• [Exercise aim]: In the records below, find the line that contains "Sort Støvler fra Cream" and the line that contains "Schild von RT Deutsch Schild", then retype exactly those two lines and every line between them.

• [Data under study]:
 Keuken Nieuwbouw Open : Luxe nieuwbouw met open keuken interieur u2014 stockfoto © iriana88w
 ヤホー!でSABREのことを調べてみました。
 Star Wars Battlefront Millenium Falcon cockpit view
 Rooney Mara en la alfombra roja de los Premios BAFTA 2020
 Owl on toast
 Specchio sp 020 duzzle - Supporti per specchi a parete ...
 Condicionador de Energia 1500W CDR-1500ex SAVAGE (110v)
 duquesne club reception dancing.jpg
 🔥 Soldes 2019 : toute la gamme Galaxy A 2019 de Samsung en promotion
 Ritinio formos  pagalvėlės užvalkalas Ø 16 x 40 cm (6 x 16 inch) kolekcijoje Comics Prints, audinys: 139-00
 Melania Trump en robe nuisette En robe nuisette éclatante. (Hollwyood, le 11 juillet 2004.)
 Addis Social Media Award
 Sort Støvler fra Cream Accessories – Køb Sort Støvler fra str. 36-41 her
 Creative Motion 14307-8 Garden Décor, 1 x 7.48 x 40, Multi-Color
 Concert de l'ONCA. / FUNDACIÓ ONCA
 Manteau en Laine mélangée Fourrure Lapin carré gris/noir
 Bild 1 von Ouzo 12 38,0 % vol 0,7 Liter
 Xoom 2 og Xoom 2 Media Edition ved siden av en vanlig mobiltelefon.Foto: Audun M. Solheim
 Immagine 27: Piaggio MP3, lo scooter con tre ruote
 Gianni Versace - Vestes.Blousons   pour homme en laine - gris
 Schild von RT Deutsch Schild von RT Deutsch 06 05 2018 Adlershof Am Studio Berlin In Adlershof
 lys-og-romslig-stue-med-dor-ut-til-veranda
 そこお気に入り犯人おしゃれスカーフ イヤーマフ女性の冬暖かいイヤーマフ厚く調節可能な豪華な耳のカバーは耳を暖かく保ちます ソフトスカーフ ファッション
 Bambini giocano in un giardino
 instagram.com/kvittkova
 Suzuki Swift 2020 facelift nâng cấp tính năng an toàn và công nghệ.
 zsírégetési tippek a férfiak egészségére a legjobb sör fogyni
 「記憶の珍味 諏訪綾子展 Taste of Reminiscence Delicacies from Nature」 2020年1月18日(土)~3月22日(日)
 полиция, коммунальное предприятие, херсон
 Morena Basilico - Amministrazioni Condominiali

• [Task solution]:
 Sort Støvler fra Cream Accessories – Køb Sort Støvler fra str. 36-41 her
 Creative Motion 14307-8 Garden Décor, 1 x 7.48 x 40, Multi-Color
 Concert de l'ONCA. / FUNDACIÓ ONCA
 Manteau en Laine mélangée Fourrure Lapin carré gris/noir
 Bild 1 von Ouzo 12 38,0 % vol 0,7 Liter
 Xoom 2 og Xoom 2 Media Edition ved siden av en vanlig mobiltelefon.Foto: Audun M. Solheim
 Immagine 27: Piaggio MP3, lo scooter con tre ruote
 Gianni Versace - Vestes.Blousons   pour homme en laine - gris
 Schild von RT Deutsch Schild von RT Deutsch 06 05 2018 Adlershof Am Studio Berlin In Adlershof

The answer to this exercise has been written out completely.